Unfortunately, the next morning  his creatinine had suddenly risen and his GFR was down to 18. I called Nephrology and ask them about dialysis.  They agreed, and I called General surgery to come put in and line.  And I had him shipped to the ICU.  His heart rate was now in the 140s, he was breathing about 50 times a minute, and he had the picture of gram-negative sepsis. But he also had a negative urinalysis, a CT abd/pelvis that was normal 2 days prior.

It only goes downhill after … He ends up intubated, gets a line and dialysis, more imaging, surgical consult, more labs … and that lactic acid that was 0.1 on arrival is now 8.2. WBC’s suddenly up to 25. He’s on every antibiotic imaginable. Then, one after another the pressors get added: levo, vasopressin, neo and the blood pressure keeps tanking. I call the wife and say to her, “You might want to come in and see him. Forget the no visitors policy, you can come in.” It’s after 7 p.m. and I’m discussing everything with the on-call guy. I talk to ID, and nephrology and surgery before I leave because my shift is up. It’s no longer my problem. It’s the guy who is on for the night who will do the rest.

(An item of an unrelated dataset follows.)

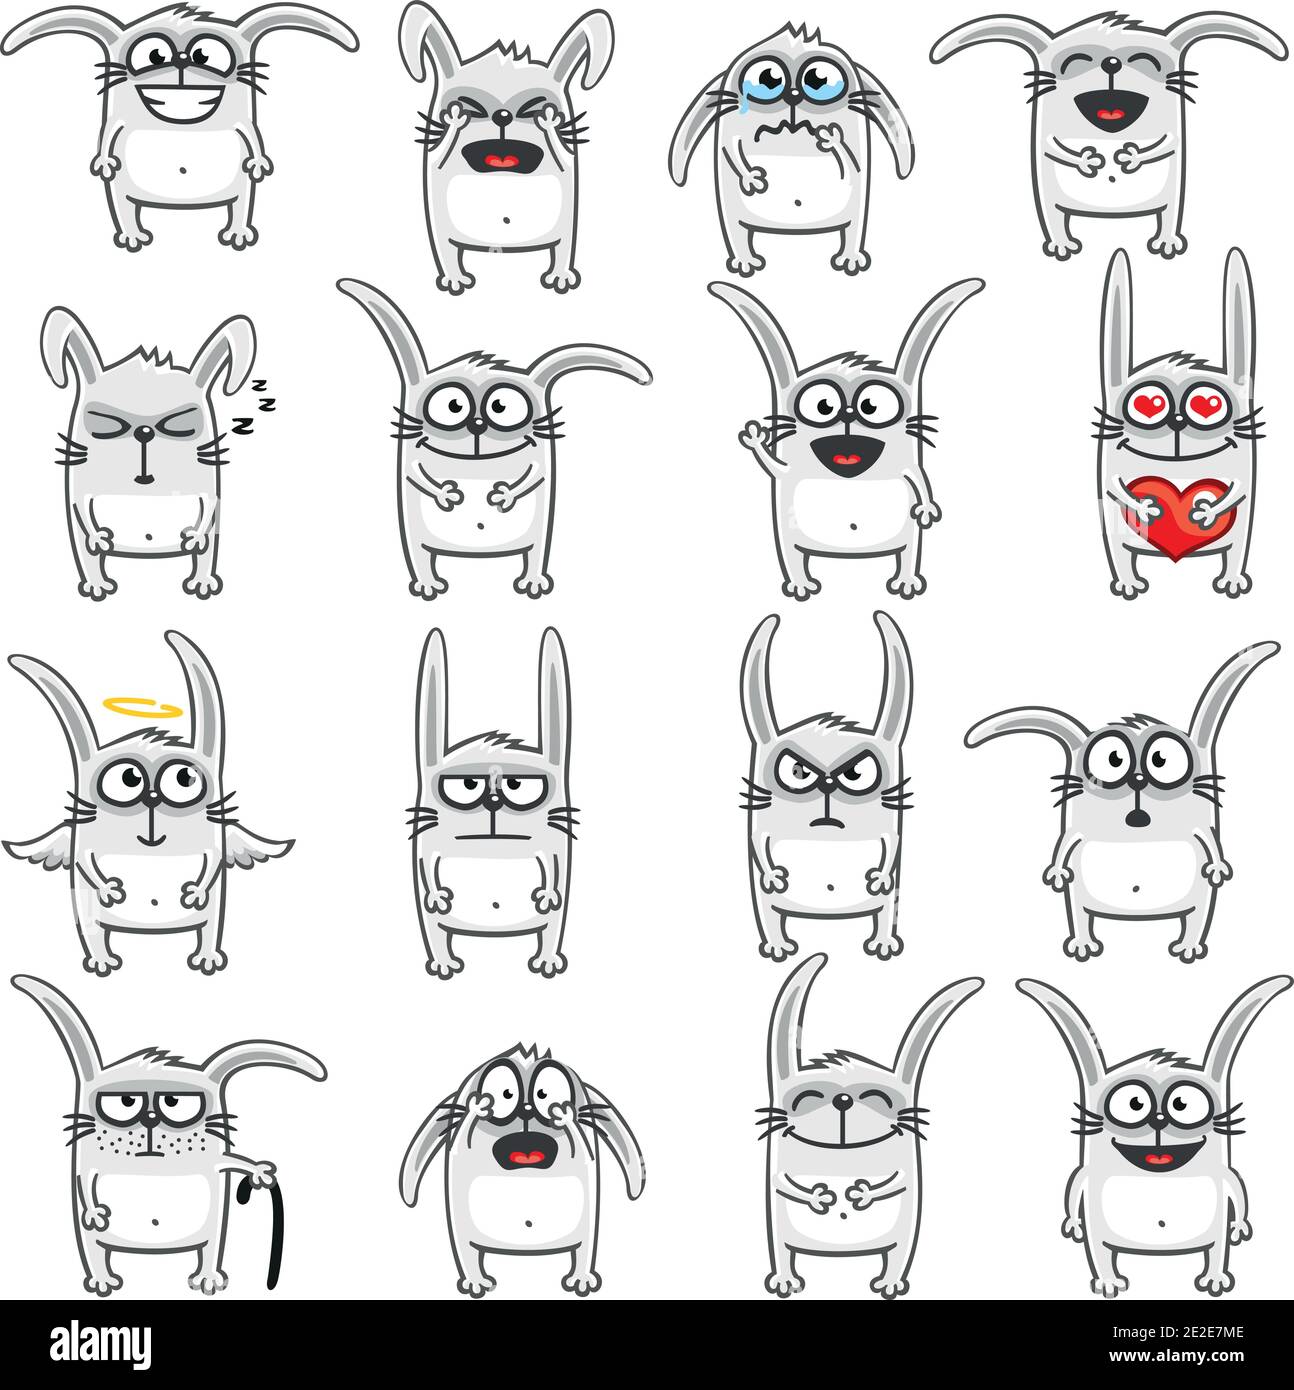 Smiley rabbits individually grouped for easy copy-n-paste. Vector. Stock Vector

I’m walking down the hallway to go to the parking lot, texting my wife and asking if she needs anything. I’m going to stop by Walmart and pick up two big bags of cat food and four of those under-bed storage totes. I’m trying to concentrate on everything in front of me but I feel so empty. Totally drained. Like the life has been sucked out of me and there is nothing I can do about it.

Remember? It’s not my problem anymore. Someone else is taking care of it. But I know the outcome. I’ve already heard the tears over the phone. I know many more are about to come. Some of them mine.

Laurie P. Sansbury Jr., DO
Hospitalist

Just a note … he did pass overnight. I just finished the death summary. I filled out some insurance paperwork for the family. But today is another day.